4. Advances in MS instrumentation

Despite significant advances in the front-end fractionation and enrichment approaches, the overall sensitivity of current SRM assays is still not sufficient for reliable detection and quantification of proteins below the low ng/mL level in plasma or serum. Advances in MS instrumentation are essential for ultimately providing sufficient sensitivity and specificity for accurate protein quantification at extremely low levels. There are two key factors limiting peptide MS or MS/MS signal intensities measured by a MS detector: (1) ESI ionization efficiency, and (2) the significant ion loss (including that due to e.g., reduced detection duty cycle) during transmission from the ESI source to the MS detector. In conventional LC-MS with a flow rate ≥1 μL/min, a primary limitation is a highly inefficient ESI, along with the potential for significant bias and ion suppression effects in the analysis [125]. Recent advances in nanoESI have demonstrated substantial advantages for ESI-MS analyses at very low flow rates in terms of ionization efficiency [126, 127], thus leading to overall enhanced sensitivity (as well as some reduced concerns with bias and suppression effects). Besides ionization efficiency, ion loss in the ESI-MS interface is also a significant issue. In typical LC-ESI-MS interfaces, the MS inlet, where the heated capillary is followed by an aperture to separate the first and the second vacuum chambers, only provides a combined ion sampling and ion transmission efficiency on the order of ~1% of ions created by the electrospray [128] due to very limited ion sampling from the ESI source into the inlet and inefficient transmission of ions through the interface. Therefore, MS interface technologies play a key role in advancing overall LC-SRM sensitivity. In addition, improvements in MS resolving power should allow more specific monitoring of analyte ions with reduced chemical background noise, thus providing enhanced sensitivity. In this section we summarize recent advances in MS instrumentation that provide improved ion transmission and ionization efficiency and better MS resolving power.

4.1 Ion funnel technology

The electrodynamic ion funnel, which was originally developed and implemented at the Smith laboratory as a replacement for the ion-transmission-limiting skimmer, has proven to be a broadly applicable ion guide for ion capturing, focusing, and transmission at elevated pressures [129-131]. The original ion funnel interfaces, which operated at a maximum of ~5 Torr, were able to enhance signal intensity for a variety of MS analyzers [129, 132] by replacing the inefficient skimmer interface. While achieving near-lossless ion transmission under high vacuum, losses at the atmospheric pressure interface went unmitigated. With the introduction of a high-pressure ion funnel interface capable of operating at a maximum pressure of ~30 Torr, more efficient ion sampling at atmospheric pressure was achieved through the application of a multi-capillary inlet [133]. Since in many cases the SRM detection of low-abundance species is limited by signal intensity, increased signal intensity using ion funnels will further improve detection sensitivity and quantification accuracy.
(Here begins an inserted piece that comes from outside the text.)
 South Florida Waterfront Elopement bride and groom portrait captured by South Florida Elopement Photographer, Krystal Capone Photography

4.1.1 Single-stage ion funnel interface

In an initial implementation of the ion funnel, >10-fold signal gains were observed when a standard low-pressure ion funnel interface was coupled to a triple quadrupole MS [132]. Enhanced SRM sensitivity by introduction of the ion funnel interface was also demonstrated by a direct comparison of the Thermo Scientific TSQ Quantum with the new TSQ Vantage, in which the ‘S-lens’, very similar in design to an ion funnel, is used to replace the tube lens and skimmer found in the TSQ Quantum. The implementation of the newly designed S-lens on the newer TSQ Vantage provided better reproducibility and precision for quantitative analysis compared to the TSQ Quantum due to improved ion transmission. To further increase SRM sensitivity, Belov et al. recently introduced an ion funnel trap prior to the quadrupoles by converting the conventional continuous stream of ions from the ion source into a pulsed ion beam [134]. In comparison with the conventional ion funnel approach, the pulsed SRM signals showed a 5-fold increase in signal intensities and a ~2-fold reduction in background noise.
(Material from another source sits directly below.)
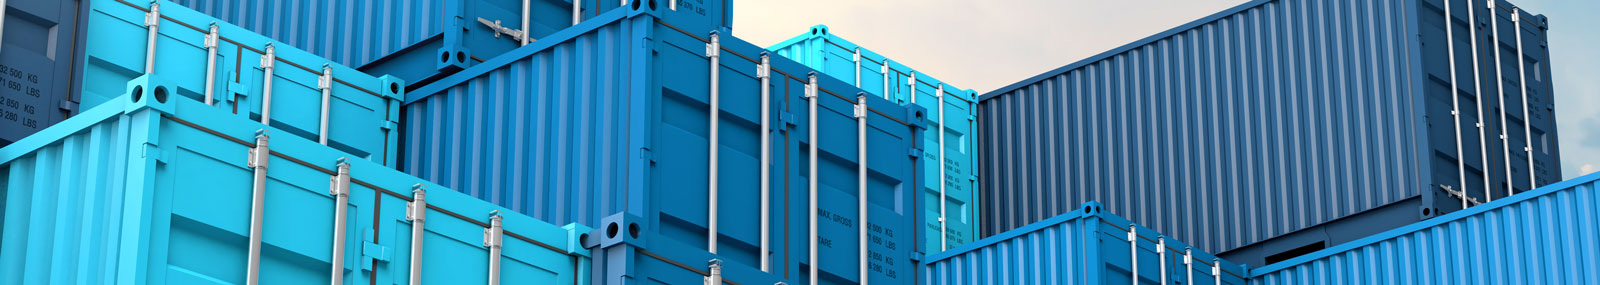 Blue industrial container

4.1.2 Dual-stage ion funnel interface

The ion transmission through the single ion-funnel interface is still limited by the inlet size, which is governed by the operating pressure for the ion funnel and practical pumping speeds. To further reduce ion losses in the inlet region of the interface, a dual stage ion funnel interface was initially introduced by our laboratory in 2006 [133] and later coupled to a TSQ for SRM applications [62]. In this design the first stage high-pressure ion-funnel is operated at ~30 Torr allowing the use of a multi-capillary inlet for higher efficiency. The second ion funnel immediately behind the higher pressure ion funnel, differentially pumped in a separate vacuum chamber, is implemented to maintain the low pressure in the downstream MS analyzer chamber while ensuring high ion transmission efficiency through the interface. An additional 5-fold sensitivity enhancement was observed for using an 18-port, heated, multi-capillary inlet compared to a single inlet [131]. The multi-capillary inlet/dual ion funnel interfaces also allowed using the electrospray emitter array as an ion source [135], which effectively reduced the flow rate through each emitter and further improved the overall ionization efficiency.
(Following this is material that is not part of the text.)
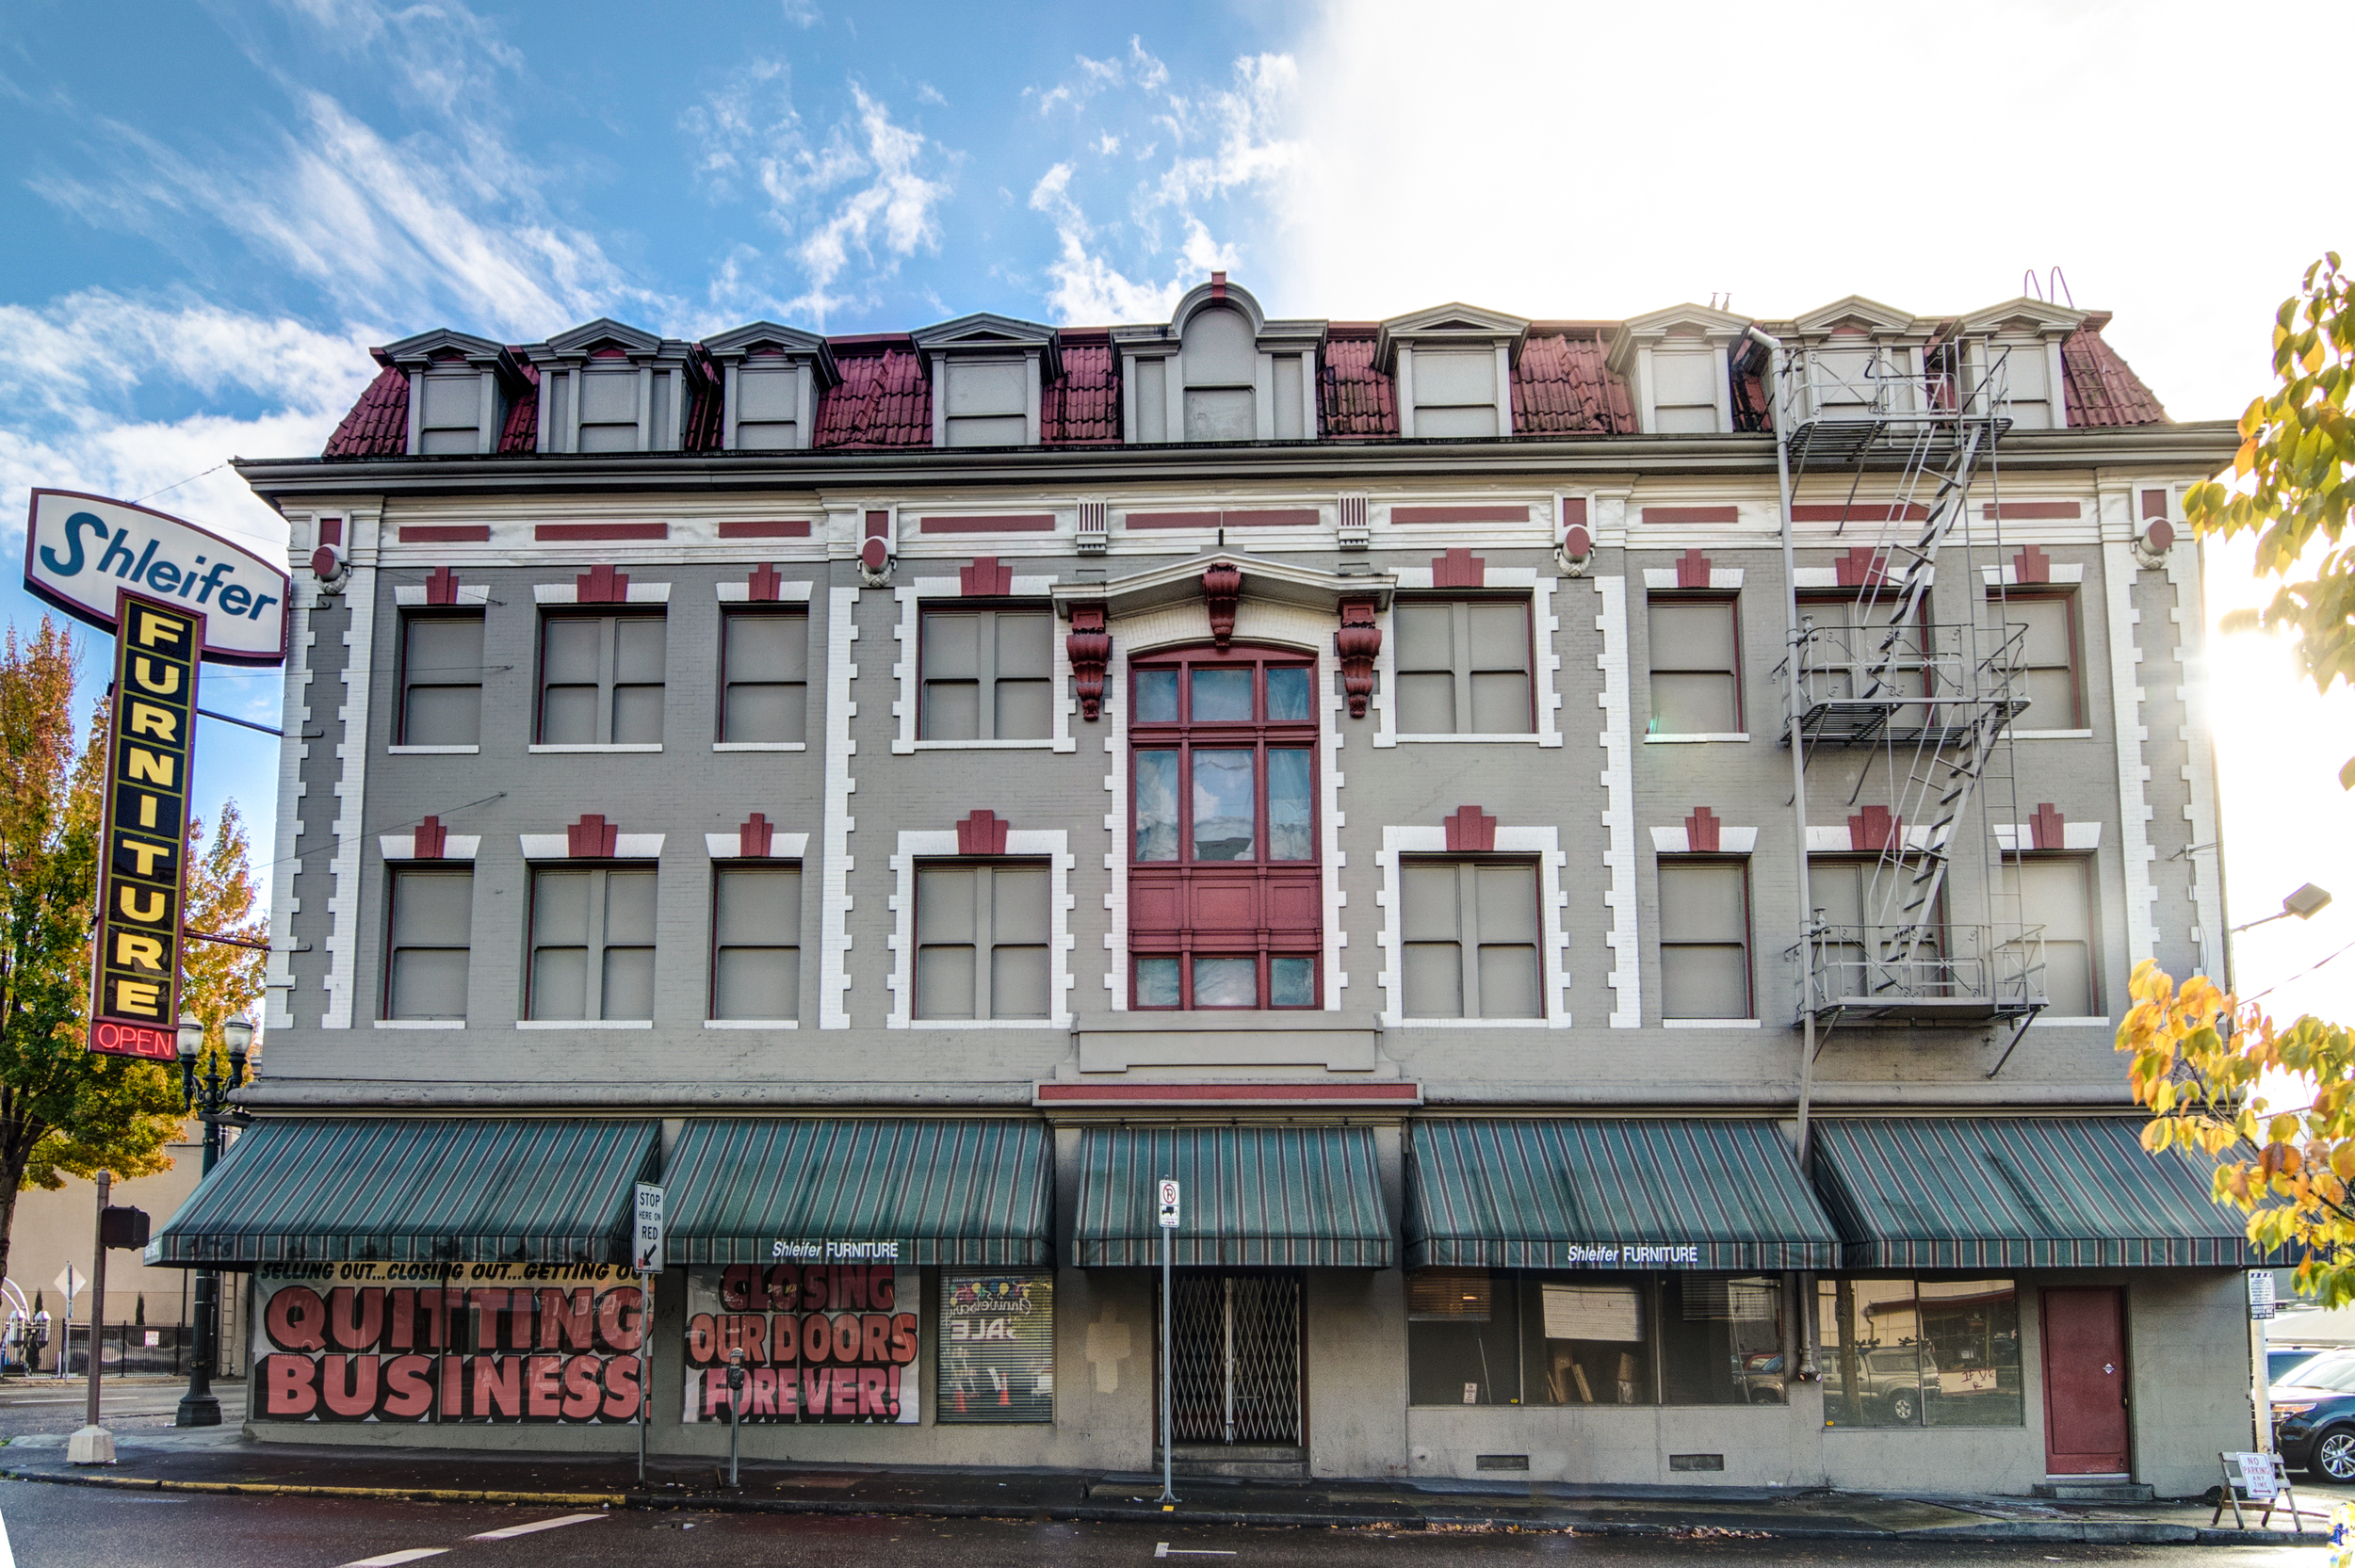 Shleifer Furniture To Shutter After 80 Years Will Clear Way For

By coupling the dual stage ion funnel interface with multi-capillary inlets to a commercial triple quadrupole mass spectrometer (TSQ Quantum Ultra; Thermo Fisher Scientific) (Fig. 4), Hossain et al. demonstrated that the new dual ion funnel interface significantly improved SRM sensitivity as evaluated by the LOD and CV values of peptides spiked into non-depleted mouse plasma [38]. Average SRM peak intensities were increased by ~70-fold for all peptides compared to the conventional interface, resulting in a lower LOD and improved reproducibility for SRM quantification. The LOD was improved by ~10-fold for the selected peptides, with notably reduced CVs. Using the dual ion funnel platform, 40 to 80 ng/mL of spiked-in proteins in mouse plasma can be detected without the application of front-end immunoaffinity depletion and fractionation. The dual ion funnel technology has recently been adapted and implemented by Agilent Technologies Inc. (Santa Clara, CA) in their new Agilent 6490 triple quadrupole mass spectrometer to increase ion sampling and ion transmission efficiency by a combination of ‘Jet Stream’ – ESI with thermal gradient ion focusing confinement, a hexabore sampling capillary to enable sampling of a much larger fraction of the ions, and a dual-stage ion funnel for efficient removal of large gas volumes and ion transfer to Q1 optics. The triple quadrupole mass spectrometer showed significant improvements in both sensitivity and reproducibility compared to instruments with standard interfaces [77]. More recently, Domanski et al. (2011) demonstrated the use of high flow-rate LC instead of nanoscale capillary LC for LC-SRM applications using the 6490 system [136]. The use of higher flow rates also should allow faster assays, increasing the overall throughput, at the cost of increased sample sizes that compensate for any loss of sensitivity compared to nanoscale LC. The significant improvement in detection sensitivity and reproducibility with such interface developments are expected to greatly aid a broad range of SRM applications.

Figure 4
Schematic diagram of a Thermo QQQ Quantum Ultra MS equipped with a dual electrodynamic ion funnel interface and a multi-capillary inlet.

4.2 Field asymmetric waveform ion mobility spectrometry (FAIMS)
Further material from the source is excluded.